2. **Run full 1000G trace** (Rust only, no Python):
```
/usr/bin/time -p env RUST_LOG=ldsc=trace ldsc l2 \
--bfile /Users/sharif/Code/ldsc/data/1000G.EUR.QC \
--out /Users/sharif/Code/ldsc/perf/l2/rust_l2_full_f64_trace \
--ld-wind-cm 1 \
> /Users/sharif/Code/ldsc/perf/l2/rust_l2_full_f64_trace.stdout \
2> /Users/sharif/Code/ldsc/perf/l2/rust_l2_full_f64_trace.stderr
```
3. **Parity check**: compare outputs against the baseline hash manifest.
```
cd /Users/sharif/Code/ldsc/perf/l2
shasum -a 256 -c rust_l2_full_f64_trace.sha256
```
- If any file mismatches: treat as parity regression, revert or investigate before proceeding.
4. **Update perf log**: record new timing breakdowns and wall time in
`/Users/sharif/Code/ldsc/docs/perf-log.md`.
Notes:
- The hash manifest is the source of truth for parity (not decimal rounding).
- If you need to regenerate the manifest (rare), do it once and document why.
## Known Hotspots
- `ab_dot` remains dominant (~90–94s).
- `r2u` time doubled after last change; investigate cache/loop ordering.

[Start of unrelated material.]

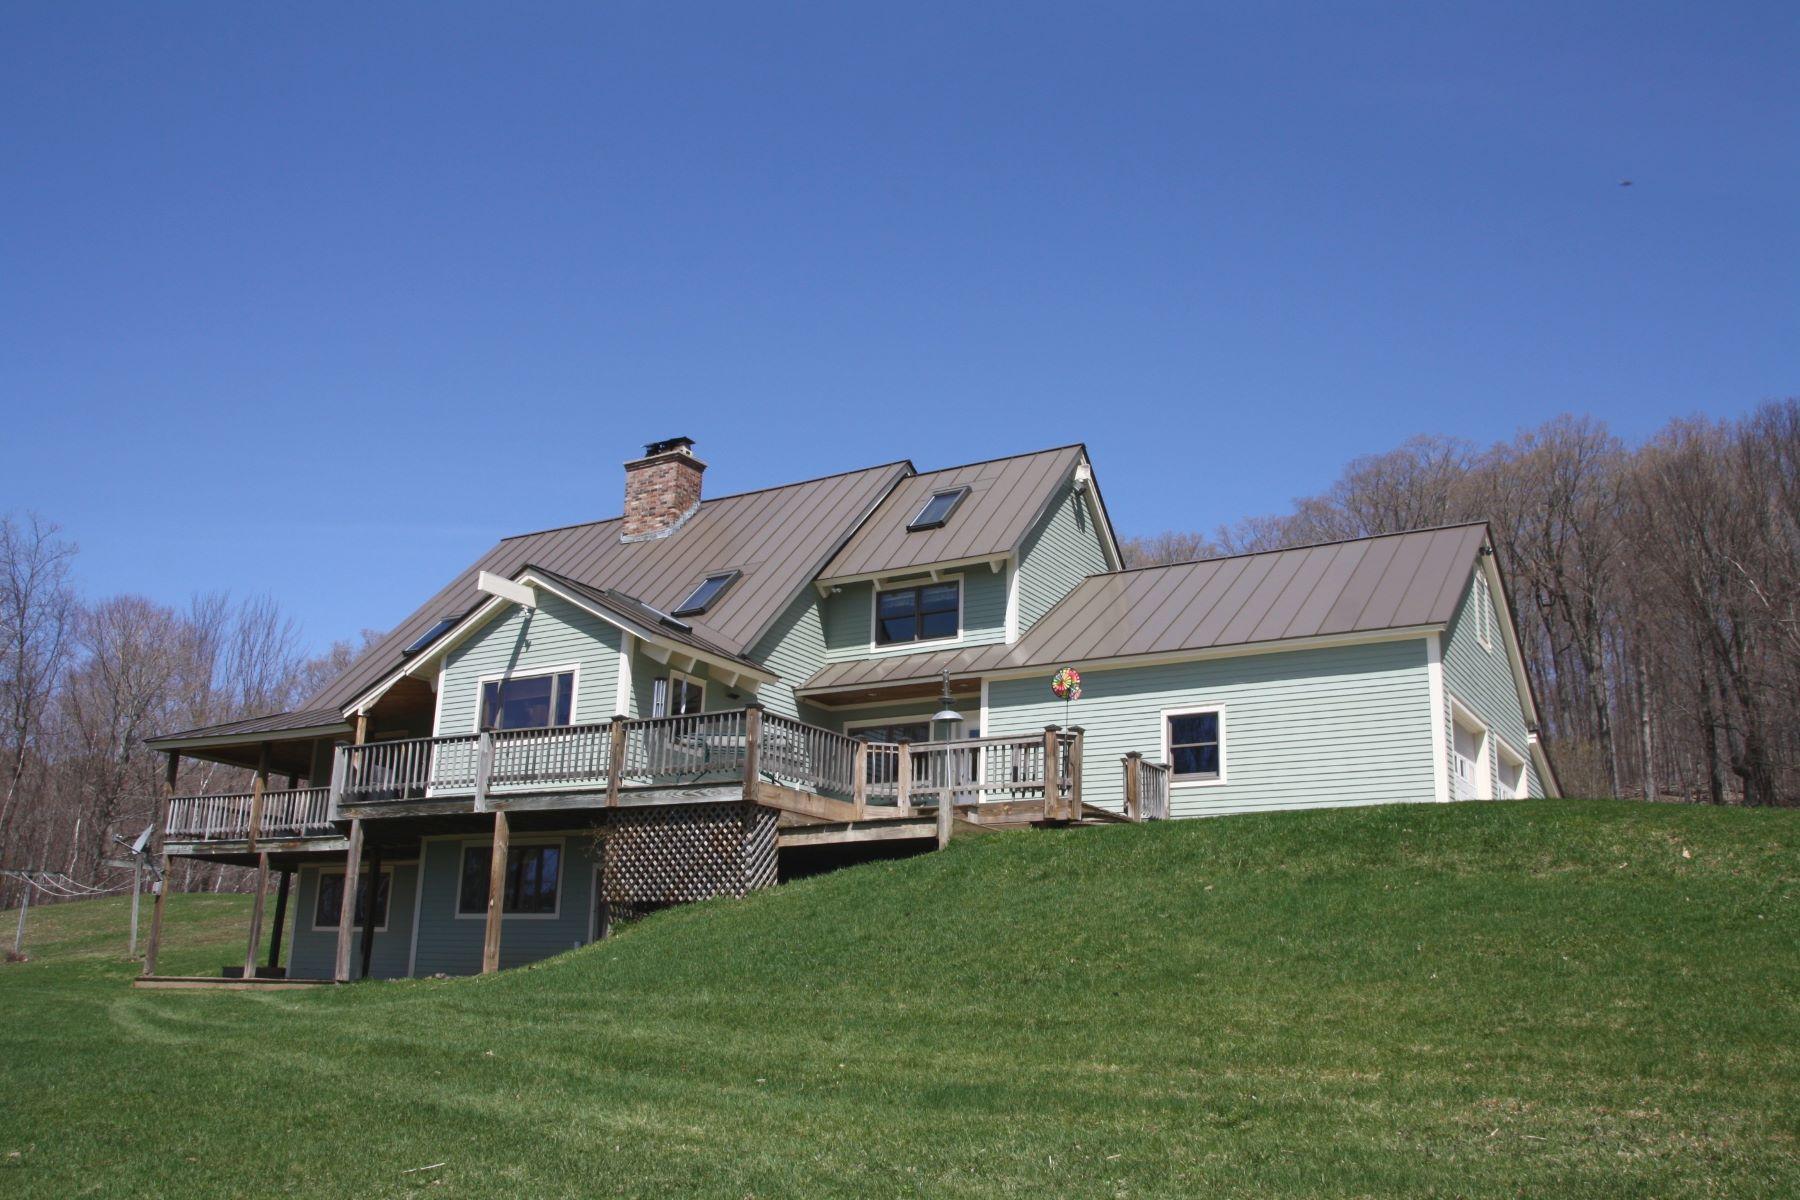 Villa per Vendita alle ore 387 Mitchell Road, Shrewsbury 387 Mitchell Rd Shrewsbury, Vermont, 05738 Stati Uniti

## Next Ideas (not implemented)
- Optimize `r2u` loop (vectorized/in-place transform to reduce passes).
- Explore ring buffer layout to avoid extra copies and minimize `r2u` cache misses.
- Consider multi-threading only in `r2u` if matmul is forced single-threaded.